Fourteen retrospective studies (1599 patients) and 6 RCTs (2289 patients) were included.
Significant results were indicated in the tables by bold numbers which were not always easy to differentiate from non-bold printed results. No level was reported for classifying results as statistically significant. The abbreviation DMFS was used as an outcome without definition.
Differences in study design included the following: unequal distributions of pre-treatment prognostic factors including stage, grade, and prostate specific antigen levels; substantial variability in the type, duration, and timing of hormonal manipulation; significantly different end points used to judge efficacy; variable total dose and technique of radiotherapy; and large differences in median follow-up.

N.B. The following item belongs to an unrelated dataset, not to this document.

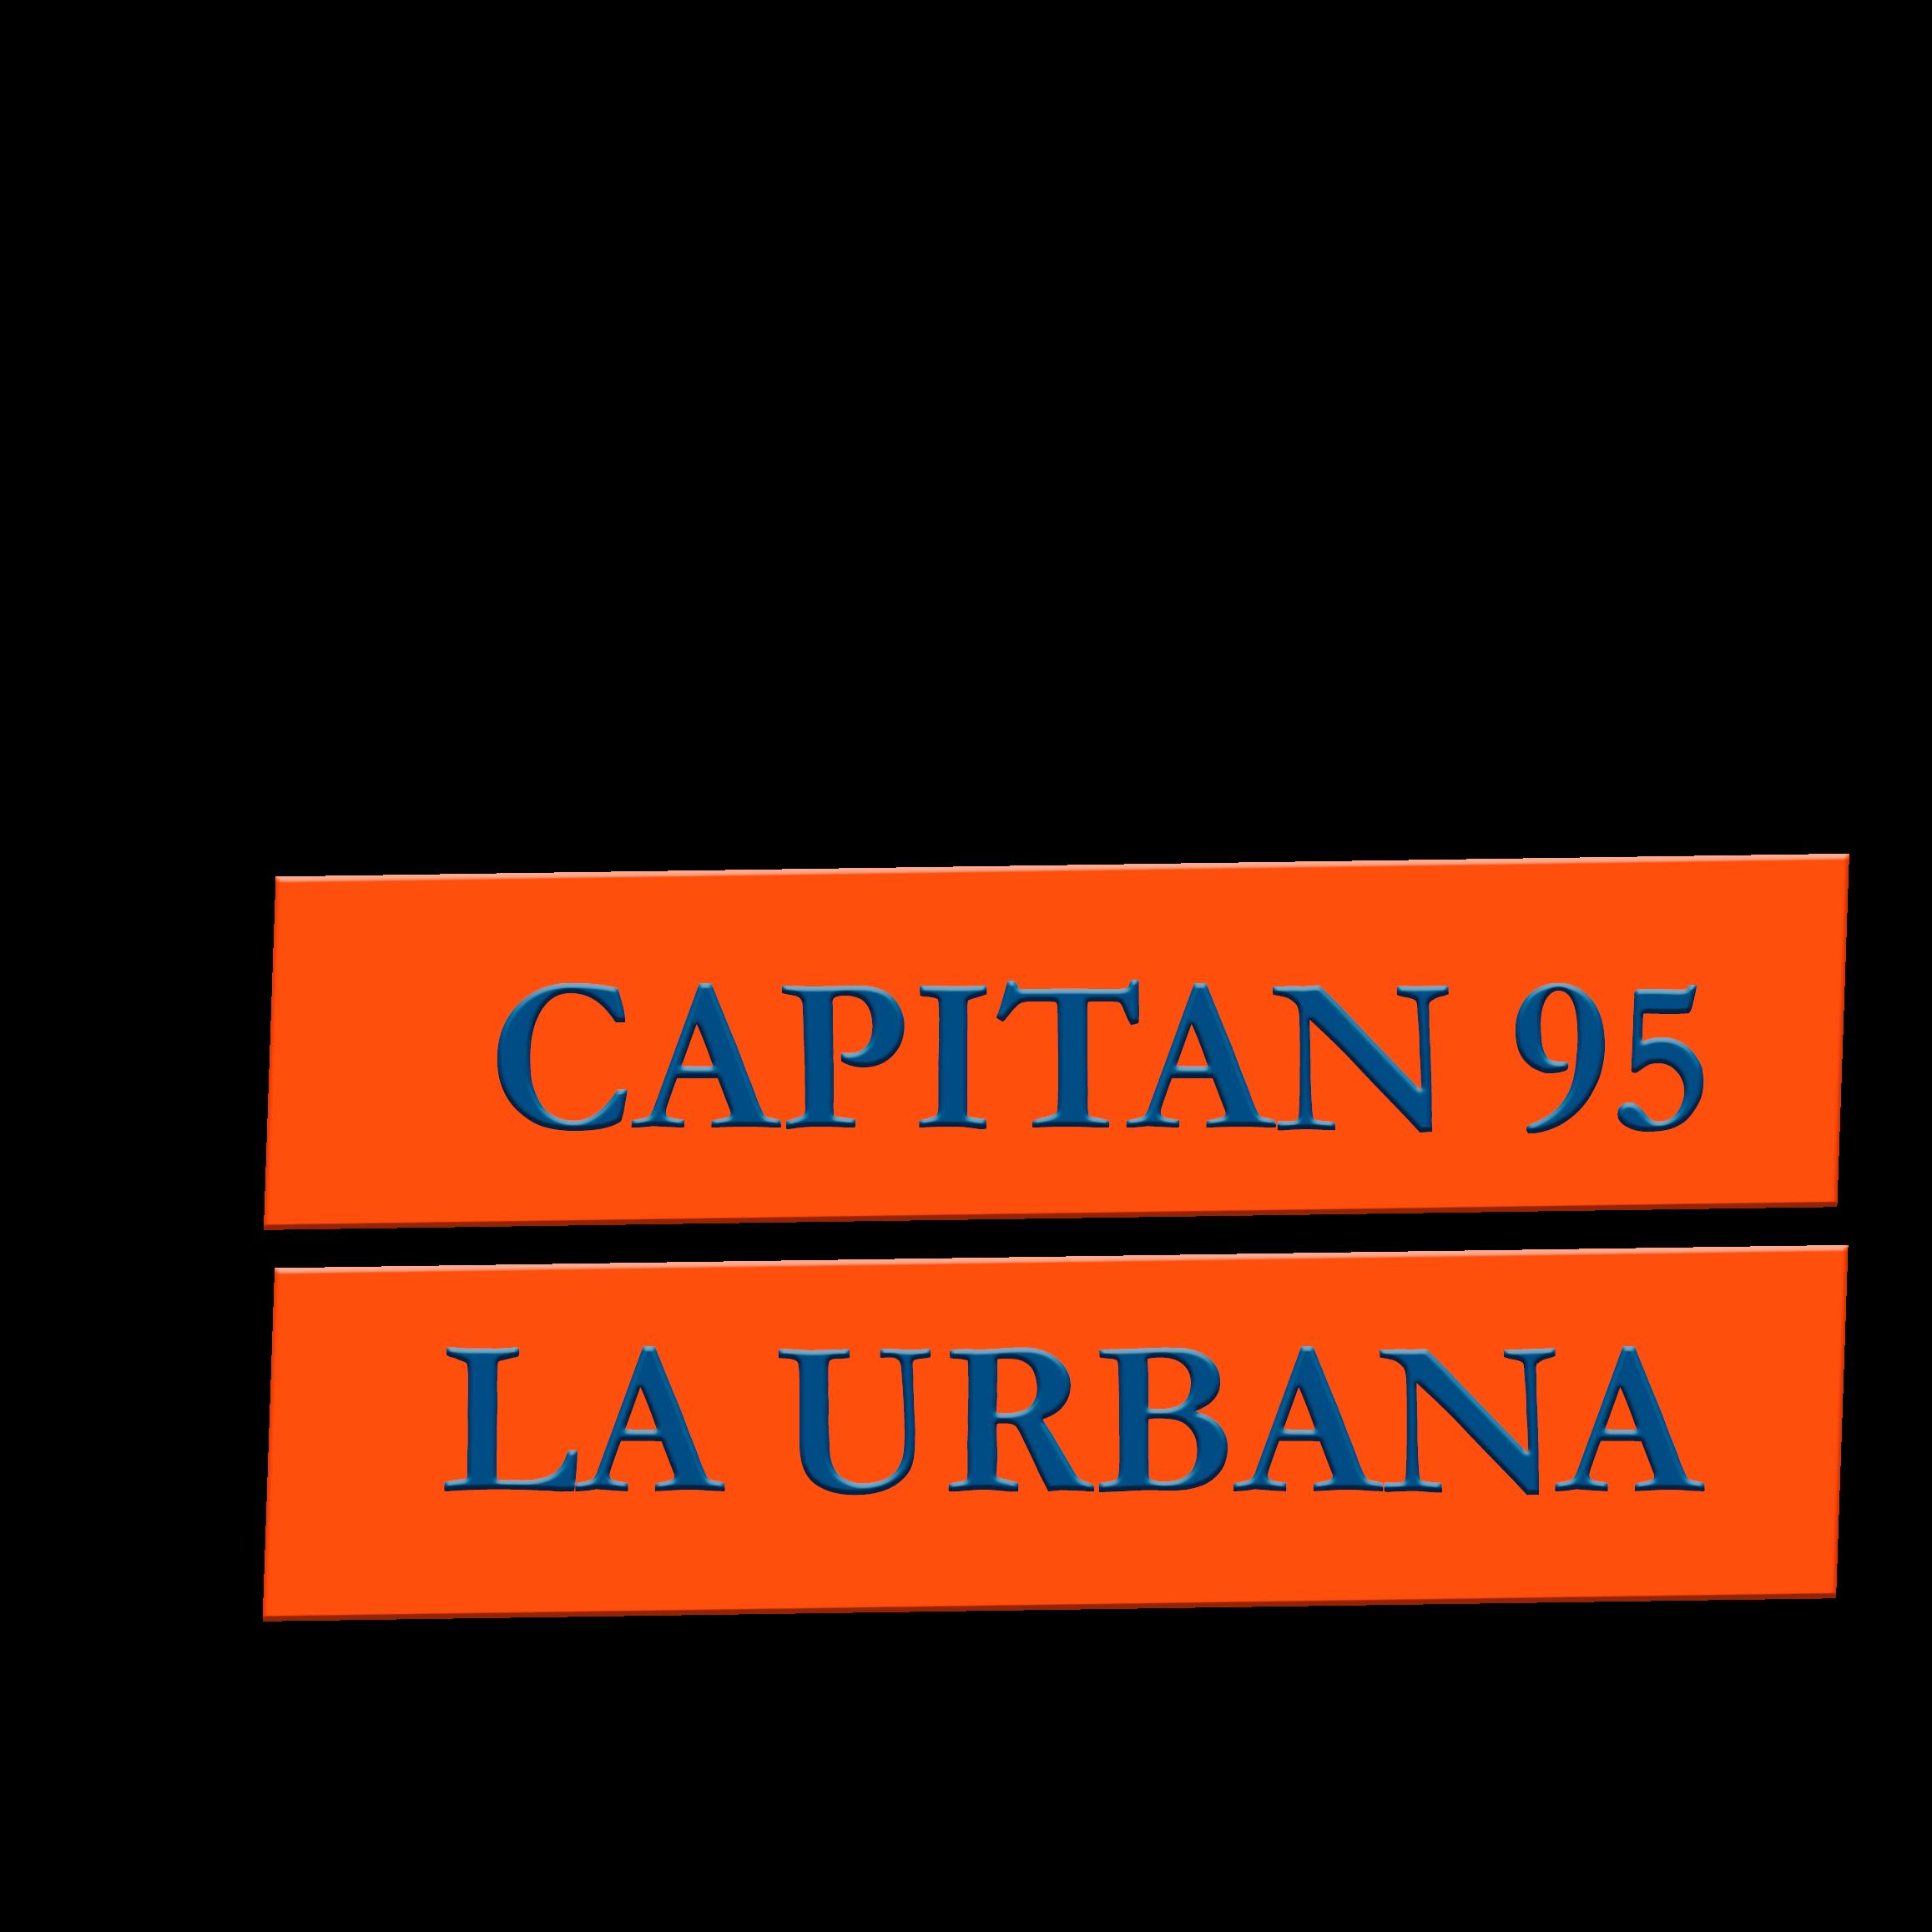 Capitan 95 La Urbana

Retrospective studies. Local control (4 studies): results inconsistent with 2 studies reporting no significant difference between group and 2 favouring androgen suppression. Disease free survival (6 studies): results inconsistent with 4 studies reporting no significant difference and 2 favouring androgen suppression. DMFS (6 studies): results inconsistent with 6 studies reporting no significant difference and 1 favouring androgen suppression. Overall survival (7 studies): results inconsistent with 5 studies reporting no significant difference and 2 favouring androgen suppression. Biochemical control (4 studies): results inconsistent with 1 study reporting no significant difference and 3 favouring androgen suppression. Cancer specific survival (1 study): no significant difference.
RCTs: Local control (5 studies): results inconsistent with 1 study reporting no significant difference and 4 favouring androgen suppression. Disease free survival (4 studies): results inconsistent with 2 studies reporting no significant difference and 2 favouring androgen suppression. DMFS (3 studies): all 3 favoured androgen suppression. Overall survival (5 studies): results inconsistent with 4 studies reporting no significant difference and 1 favouring androgen suppression. Biochemical control (4 studies): results consistent with all 4 favouring androgen suppression. Cancer specific survival (1 study): favours androgen suppression.